Hi Team, Here at the DKRZ we noticed some sort of issues with the elasticsearch job complete plugin. What we noticed is that elasticsearch is complaining about the size of the messages. Our logs are being spammed with: [2019-04-15T15:55:26,928][DEBUG][o.e.a.b.TransportShardBulkAction] [ma3] [slurm][1] failed to execute bulk item (index) BulkShardRequest [[slurm][1]] containing [index {[slurm][jobcomp][AWohR_xPSKL63ncfLTBZ], source[n/a, actual length: [10.8kb], max length: 2kb]}] [2019-04-15T15:55:26,942][DEBUG][o.e.a.b.TransportShardBulkAction] [ma3] [slurm][3] failed to execute bulk item (index) BulkShardRequest [[slurm][3]] containing [index {[slurm][jobcomp][AWohR_xes-p2C7Ge78QZ], source[n/a, actual length: [10.8kb], max length: 2kb]}] [2019-04-15T15:55:26,949][DEBUG][o.e.a.b.TransportShardBulkAction] [ma3] [slurm][1] failed to execute bulk item (index) BulkShardRequest [[slurm][1]] containing [index {[slurm][jobcomp][AWohR_xkAlBr5lb5kHIQ], source[n/a, actual length: [10.8kb], max length: 2kb]}] We're not sure when this has started, since all the logs we have, are showing these errors. Configuration: [root@ma1 slurm]# scontrol show config | grep -iE 'comp' CompleteWait = 40 sec JobCompHost = localhost JobCompLoc = http://10.50.64.90:9201 JobCompPort = 0 JobCompType = jobcomp/elasticsearch JobCompUser = root Could you please advice how would we go about resolving this issue? Regards, Andrea
Hi, will you temporarily increase the debug level to at least 'debug' and enable the Elasticsearch debug flag, then let some jobs finish and finally reset the debug level back to the original value, remove the flag and attach slurmctld.log? $ scontrol setdebug debug $ scontrol setdebugflags +elasticsearch Let some jobs finish $ scontrol setdebugflags -elasticsearch $ scontrol setdebug info (or whatever you had as original) I'd like to know if the error is logged due to a single job index retry or for every job and why. Thanks.

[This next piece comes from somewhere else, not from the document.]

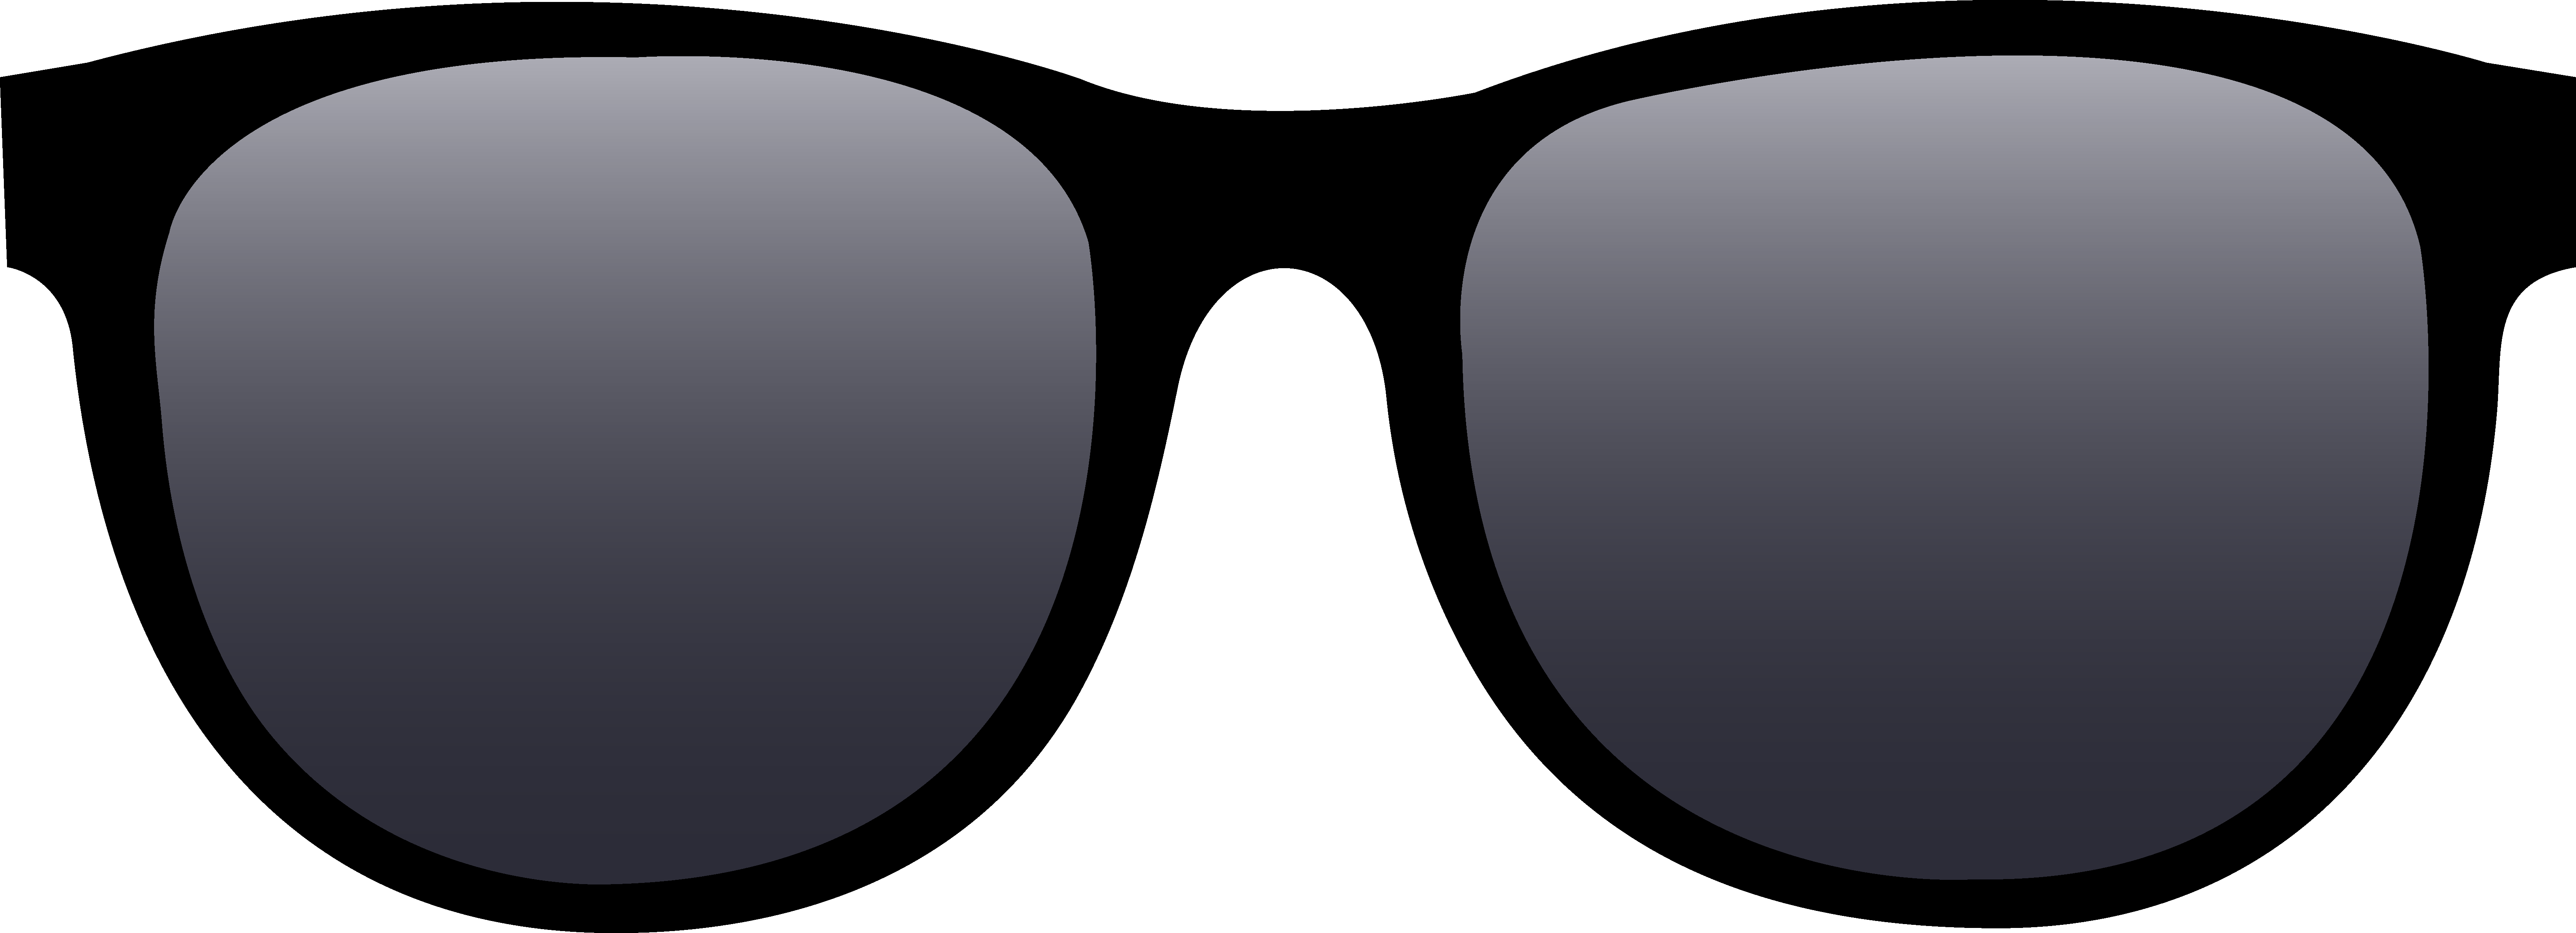 Sun Glasses PNG Image

Created attachment 9917 [details] Slurmctld logs
Hi Alejandro, Thank you for your answer. Kindly find attached the slurmctld logs. Regards, Andrea
Will you stop slurmctld, copy to a temp directory StateSaveLocation/elasticsearch_state file, then start slurmctld and attach the file here? What version of elasticsearch are you using? I'm wondering if there's a problem with any of the fields being malformed or any issue with the esearch expected mappings so that the server status code response is always 400. So I'm interested in loading those jobs locally and see if I can index them locally or find any common pattern among the failing ones. The logs show there are jobs still being indexed after the failure. Thanks.
Hi Alejandro, This is a production system and we can't afford stopping slurmctld for this - is there any other alternative? Regards, Andrea
Regarding the elasticsearch version: elasticsearch-5.5.1-1.noarch
Then just attach a tar file with elasticsearc_state[.old] 2 files. Just wanted to minimize the likelihood of copying the files while slurmctld is manipulating them with the restart.

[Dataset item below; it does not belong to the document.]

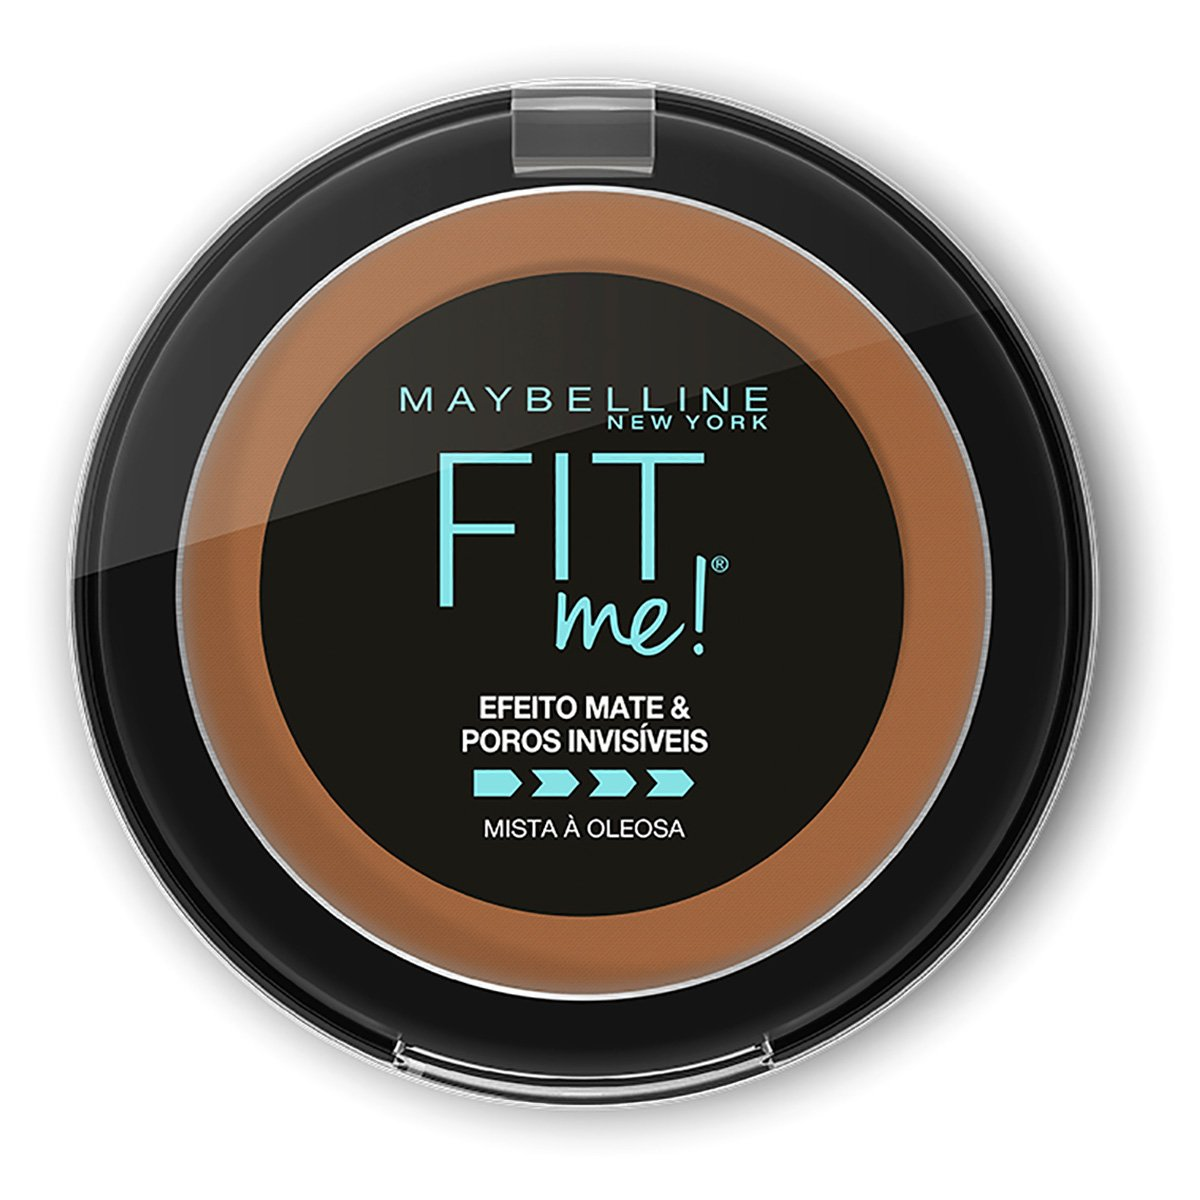 Pó compacto Maybelline Fit Me N10 Marrom Neutro

Created attachment 9929 [details] elasticsearcg Hi Alejandro, Kindly find attached the required files. Regards, Andrea
Hi Alejandro, Have you had any chance to look into this? Regards, Andrea
I can reproduce the issue with the provided state. I'm looking into it.
Do you happen to have handy any job script associated with any of the failed to be indexed jobs? Some of the jobids are 6980257 or 7000918 but they all can be found by inspecting the attached state file.
Hi Alejandro, Unfortunately no. I would have to ask around. Regards, Andrea Andrea Del Monaco HPC Consultant – Big Data & Security [GER] M: +31 612031174 Burgemeester Rijnderslaan 30 – 1185 MC Amstelveen – The Netherlands atos.net On Tue, Apr 23, 2019 at 2:05 PM +0200, "bugs@schedmd.com" <bugs@schedmd.com<mailto:bugs@schedmd.com>> wrote: Comment # 11<https://bugs.schedmd.com/show_bug.cgi?id=6859#c11> on bug 6859<https://bugs.schedmd.com/show_bug.cgi?id=6859> from Alejandro Sanchez<mailto:alex@schedmd.com> Do you happen to have handy any job script associated with any of the failed to be indexed jobs? Some of the jobids are 6980257 or 7000918 but they all can be found by inspecting the attached state file. ________________________________ You are receiving this mail because: * You reported the bug.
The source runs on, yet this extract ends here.